D’après des témoins proches de la police, ce stratagème a échoué. Et c’est ainsi que des agents des services de renseignement ont cherché comment maintenir en détention le représentant provincial du CNL contre lequel l’administration avait une dent depuis belle lurette. «Ils ont pris son téléphone, cherché dans son répertoire et indiqué qu’il y a un numéro qui inquiète». Ses deux codétenus ont été libérés, mais pour lui le dossier a changé.

Barampama, le ‘‘numéro de terreur’’ et son ‘‘prétendu propriétaire’’

Le numéro suspect est d’Afrique du sud au vu de son indicatif téléphonique. Cependant, après analyse, les services de renseignements auraient détecté que son utilisateur avait d’abord utilisé un numéro de l’Onatel. Ils ont ainsi cherché à localiser l’utilisateur de ce dernier pour l’arrêter.

Certains des messages envoyés par le numéro sud-africain qui « inquiète » les services de renseignement de Karusi.

C’est alors qu’un certain Philbert Ndihokubwayo, natif de la commune Shombo en province  Karusi, secrétaire du mouvement des jeunes du CNL dans la région Buyenzi, a été identifié.

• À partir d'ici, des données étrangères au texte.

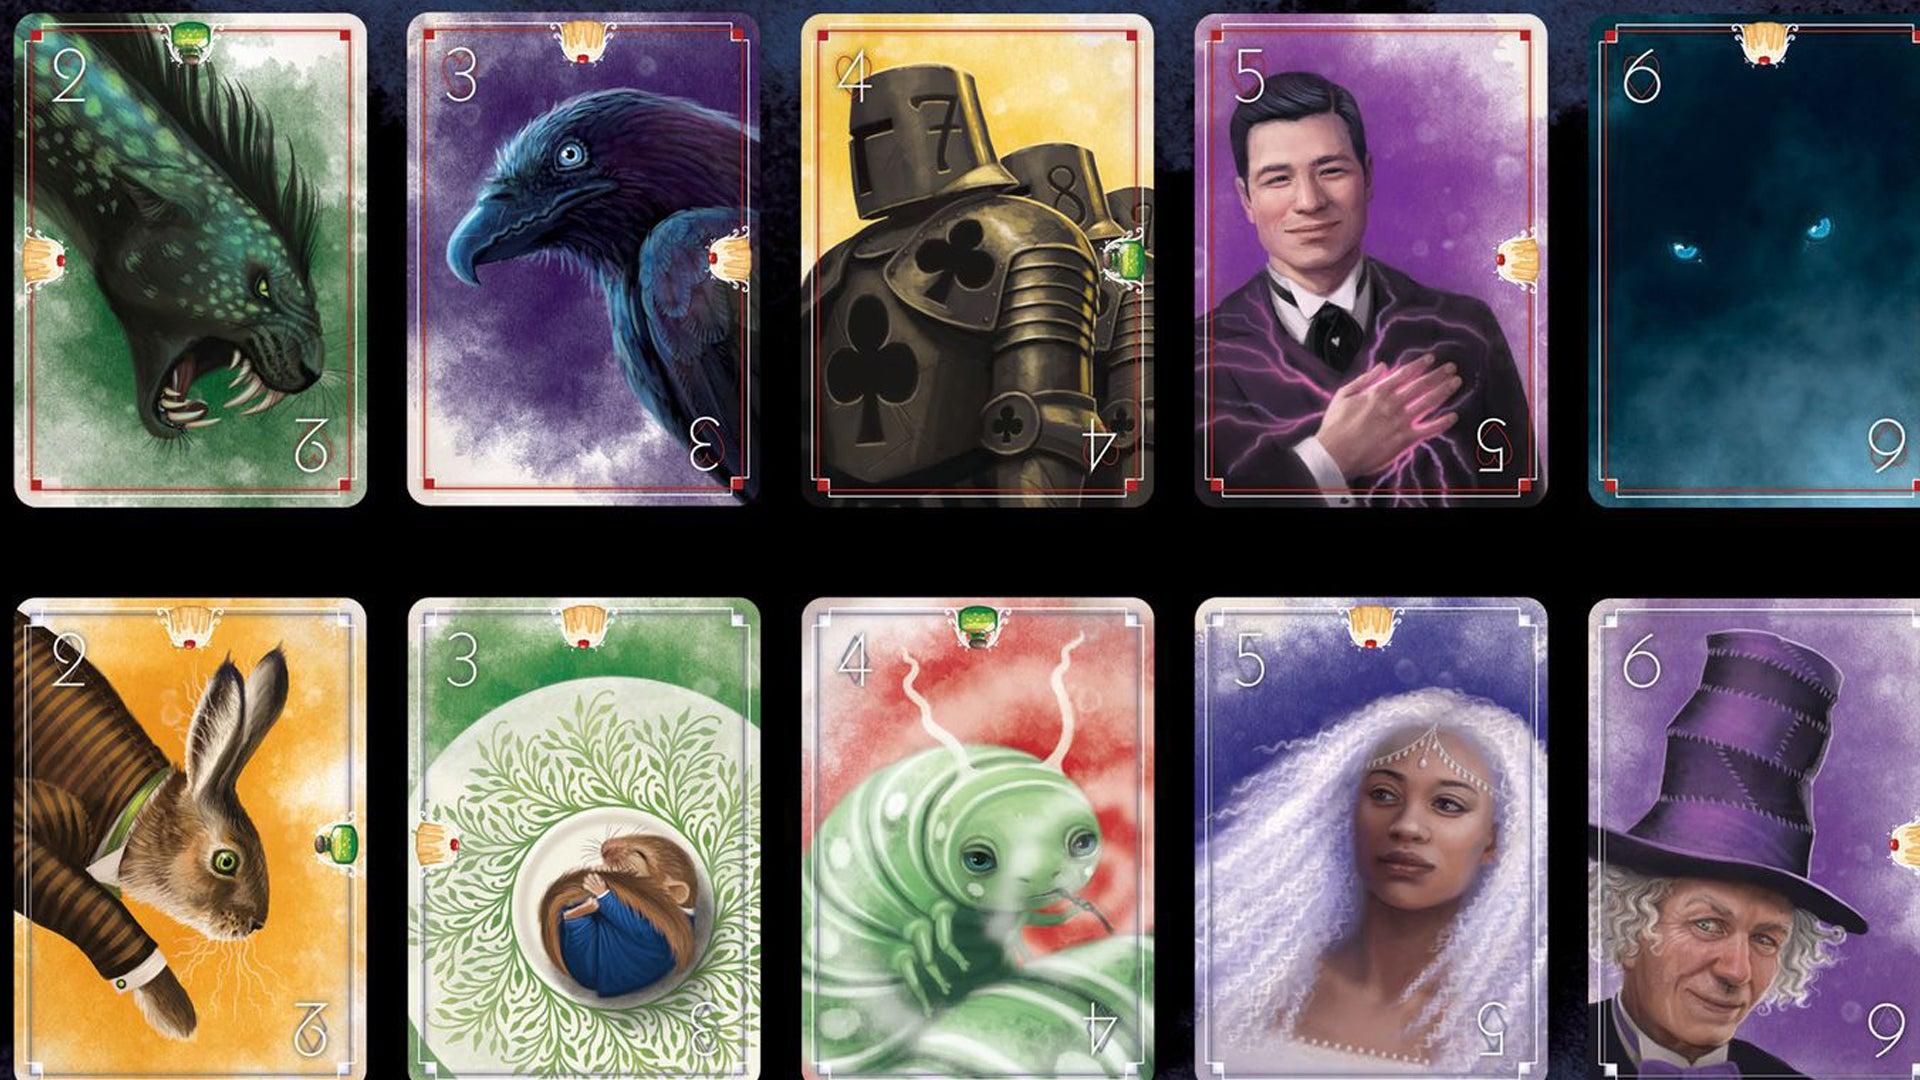 Wonderland board game cards

De Bujumbura, il apprendra qu’il est recherché par la documentation à Karusi pour ce qu’ ‘‘il’’ a écrit aux autorités provinciales via son numéro.

Ndihokubwayo ne va pas attendre que les services de la documentation l’arrêtent. Lundi 10 juin, il délègue Placide Nzambimana, un ami à lui, pour aller informer le chef des services des renseignements que «le présumé est prêt pour l’interrogatoire». Et dans la foulée, il lui a été exigé de demander pardon à la place de Ndihokubwayo. Ce qu’il a fait.

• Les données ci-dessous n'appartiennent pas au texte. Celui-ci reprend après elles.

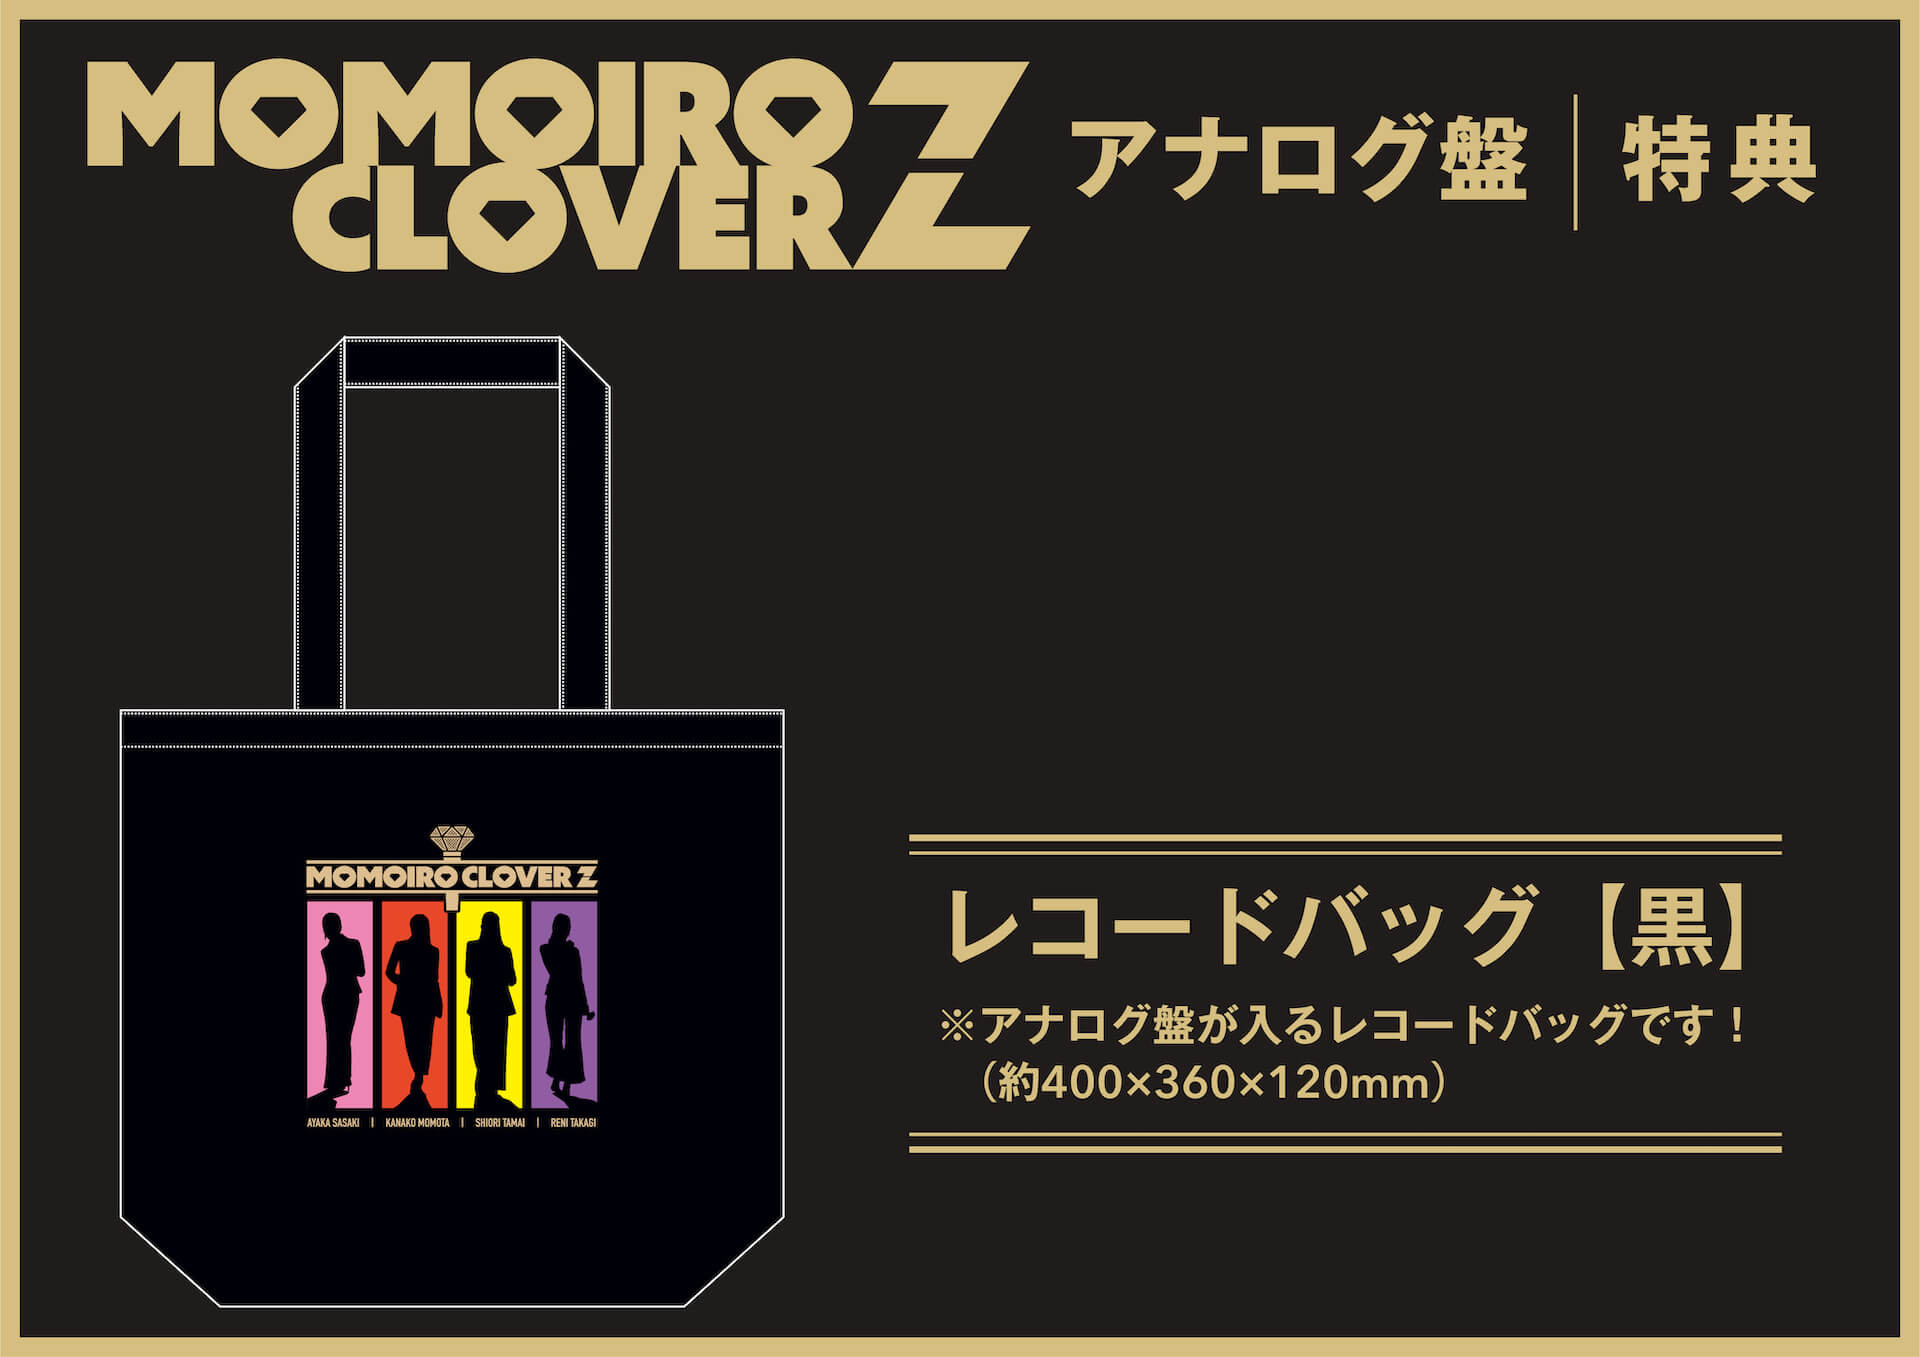 ももいろクローバーZ、東京キネマ倶楽部での公演Blu-ray&DVDと『MOMOIRO CLOVER Z』アナログ盤のジャケット写真公開!応援店特典も解禁 music191202_momokuro_kinema_7

Dans l’aube du 26 juin, Philibert Ndihokubwayo est arrêté de chez lui au quartier Gasenyi de la mairie de Bujumbura. Les services de renseignements de la mairie le remettent à ceux de Karusi qui l’emmènent manu-militari…

Selon plusieurs témoignages, le chef des renseignements dans cette province le traîne d’autorité en autorité  au centre Karusi. «Connais-tu celui-là ?» lui demandait-il sans cesse. Il va ensuite passer  la nuit dans les cachots de la documentation avant de comparaître le lendemain devant le procureur…

Une opération téléphonique à l’origine de l’emprisonnement ?

Devant François Harerimana, procureur de le République à Karusi, Ndihokubwayo   a justifié n’avoir  jamais utilisé ce numéro ‘‘qui menace’’.  Son utilisateur serait un certain James, vivant en Afrique du sud. Le numéro Onamob intervient suite à une opération de changement de numéro sur le compte WhatsApp. Celui-ci ayant eu lieu en avril quand  Ndihokubwayo a voulu acheter le téléphone de James alors en déplacement au Burundi.

«Il a utilisé ce téléphone  pendant une journée pour essai…il y avait déjà installé son compte WhatsApp. Quand par après ils ne se sont pas entendus sur le prix, il lui a remis son poste sans avoir désinstallé ce compte», raconte, triste, un membre de la famille de Ndihokubwayo.

Le justificatif de Ndihokubwayo a amené la justice à arrêter, dimanche 30juin, Placide Nzambimana, l’accusant d’avoir menti lors de la demande de pardon. Les trois croupissent toujours dans les cachots du commissariat de police.

«S’il n’y a rien qui se cache derrière cette détention,  la justice burundaise devrait vérifier, recourir à Interpol le cas échéant, pour arrêter le vrai coupable et libérer ces innocents», concluent des militants du CNL.

Contactés pour s’exprimer sur cette détention polémique, le gouverneur, le procureur de la République et le commissaire de police à Karusi n’ont pas voulu communiquer.